=== Exercise data ===
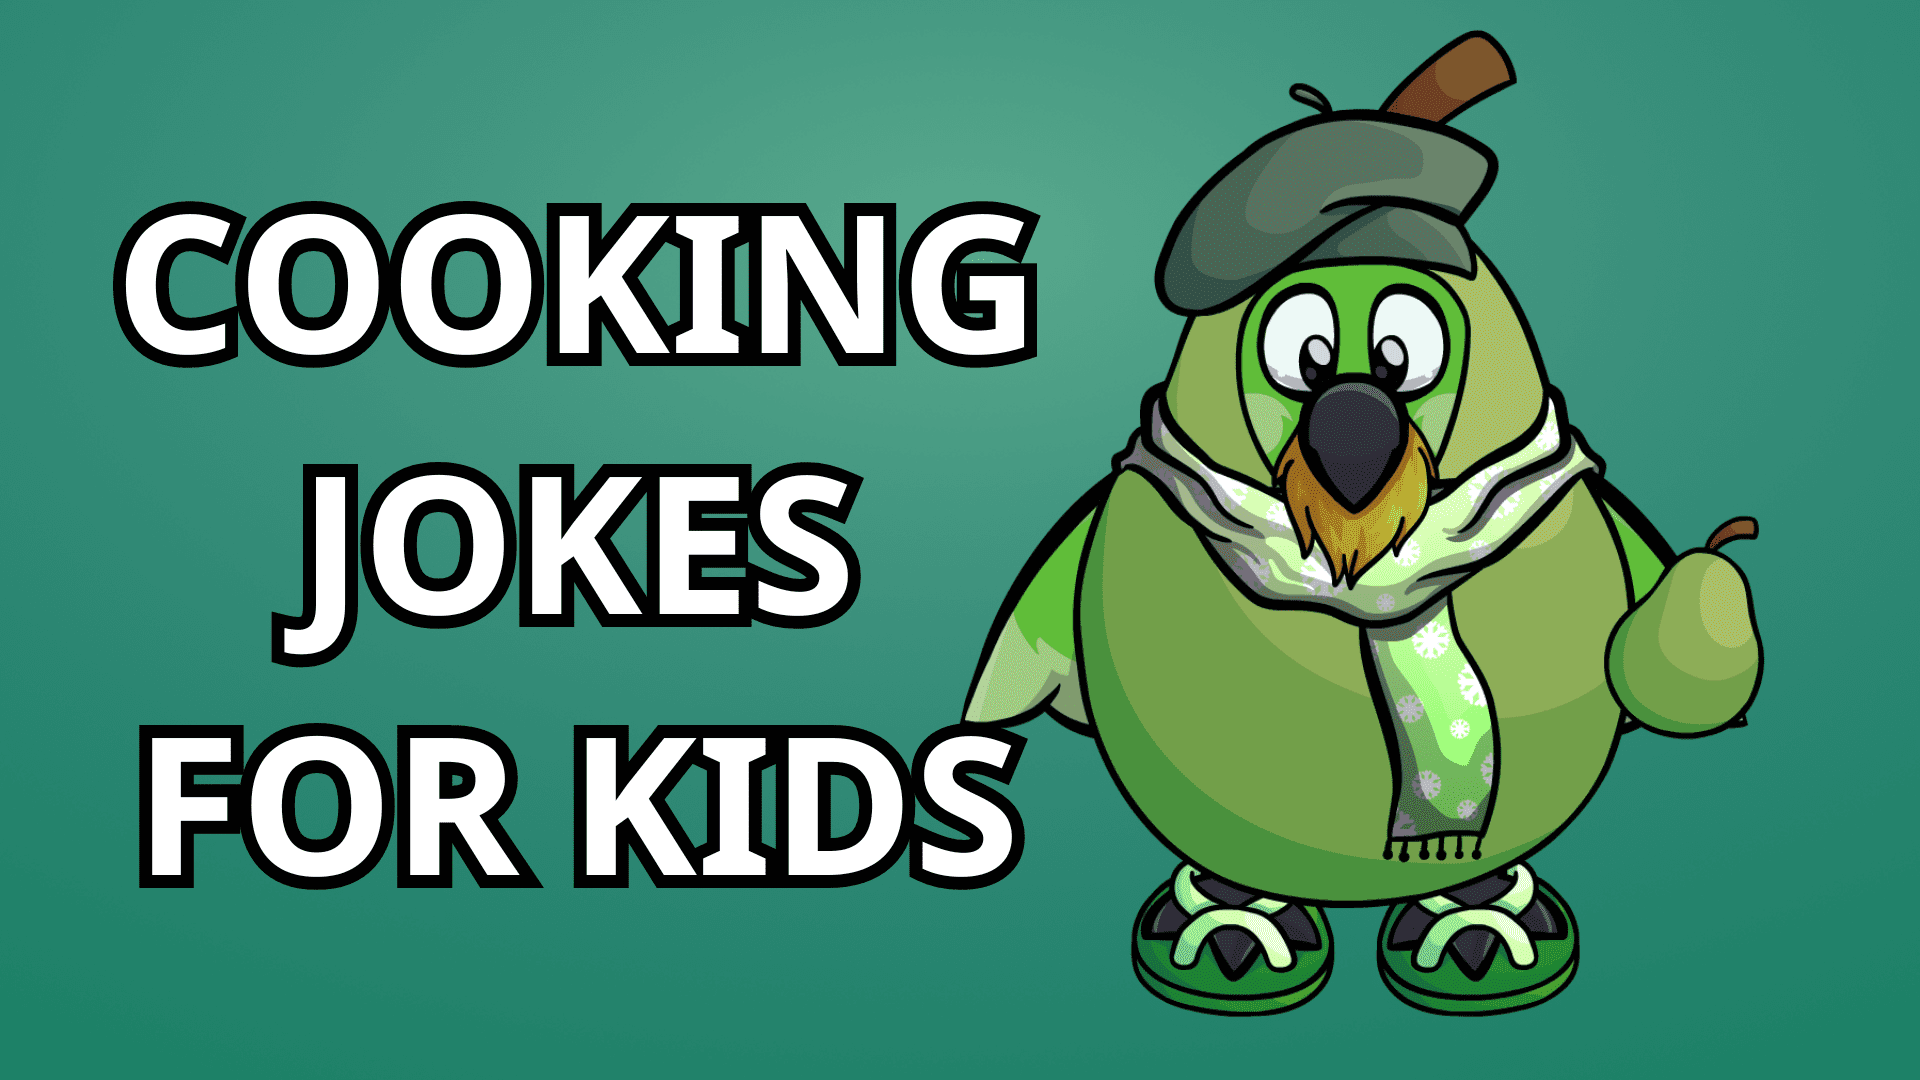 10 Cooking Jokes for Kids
--
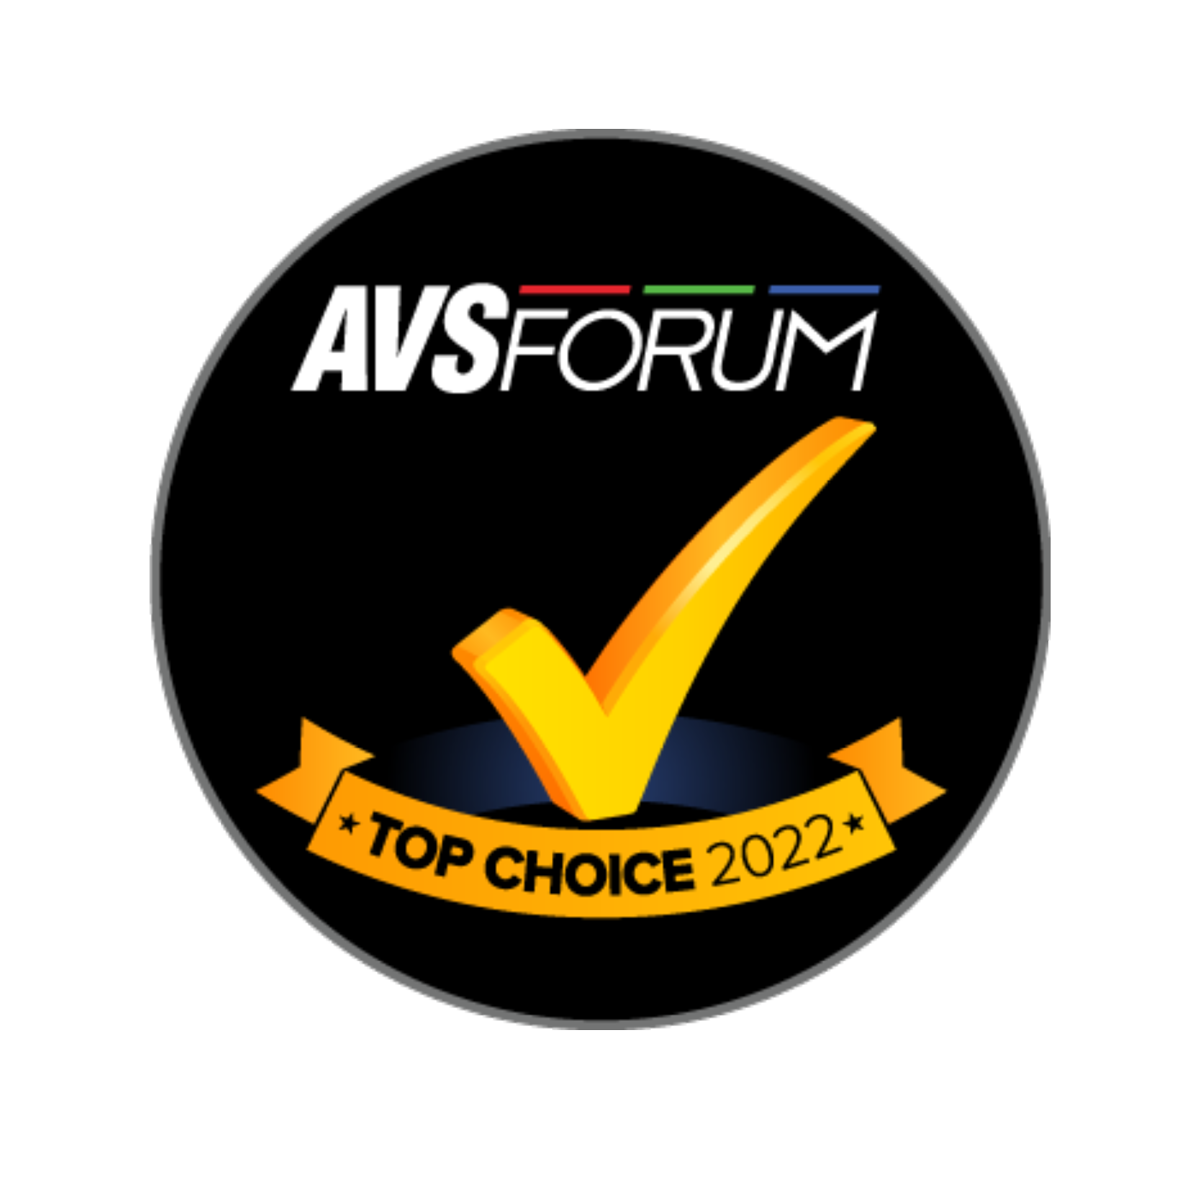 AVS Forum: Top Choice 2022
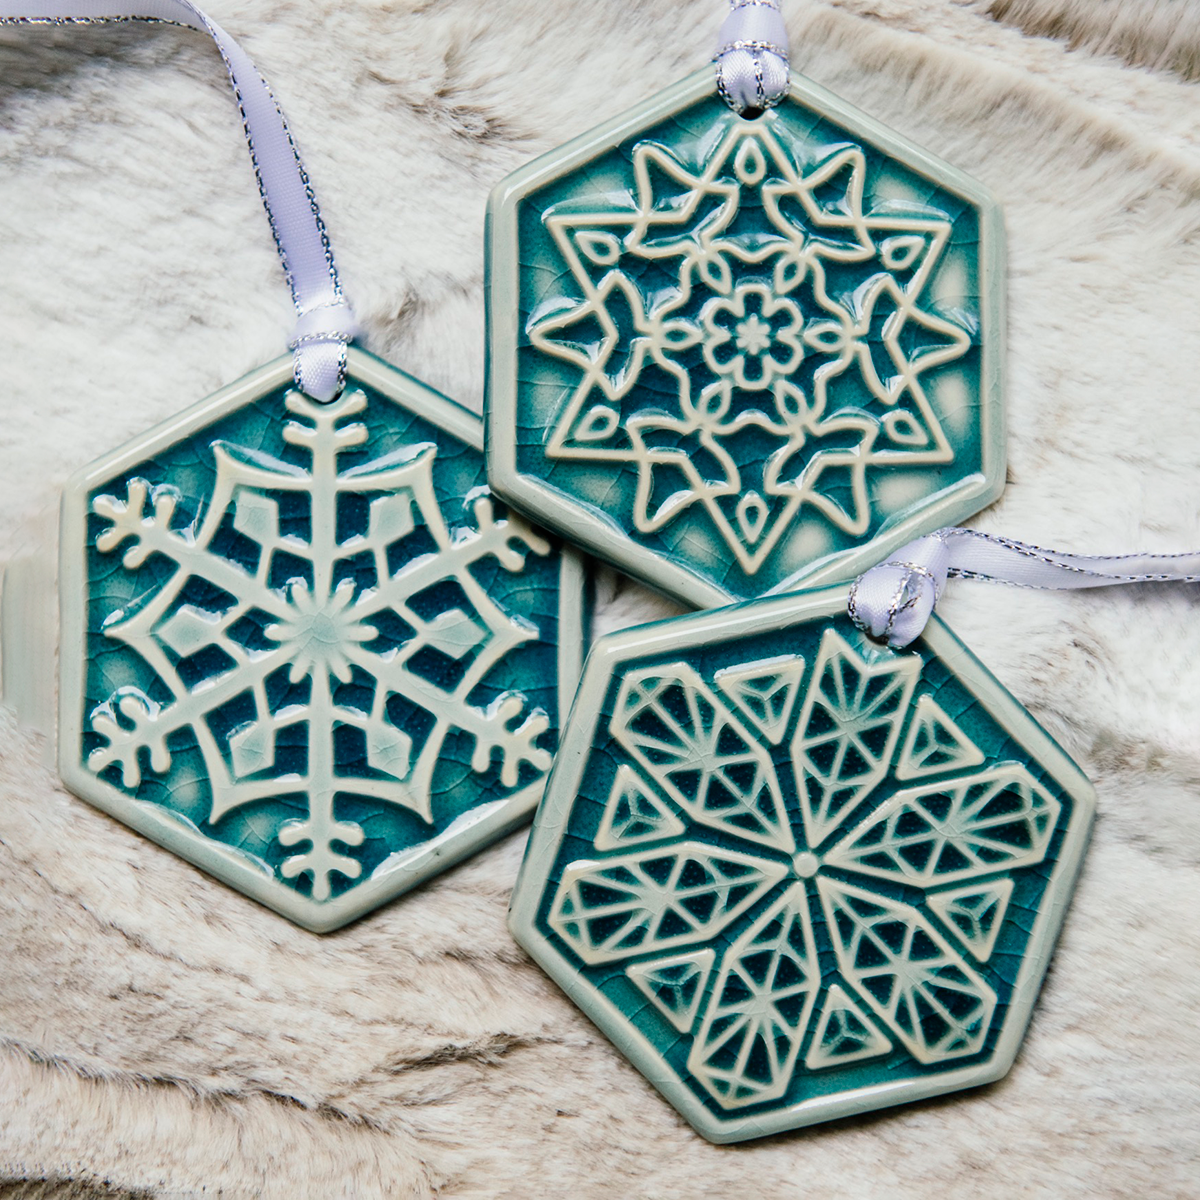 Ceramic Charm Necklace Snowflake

=== What to produce ===
Only the lines starting at the one that includes "AVS Forum: Top Choice 2022" and ending at the one that includes "Ceramic Charm Necklace Snowflake" should be retyped, exactly, from the records above; no pictures.

=== Response to the task ===
 AVS Forum: Top Choice 2022
 Ceramic Charm Necklace Snowflake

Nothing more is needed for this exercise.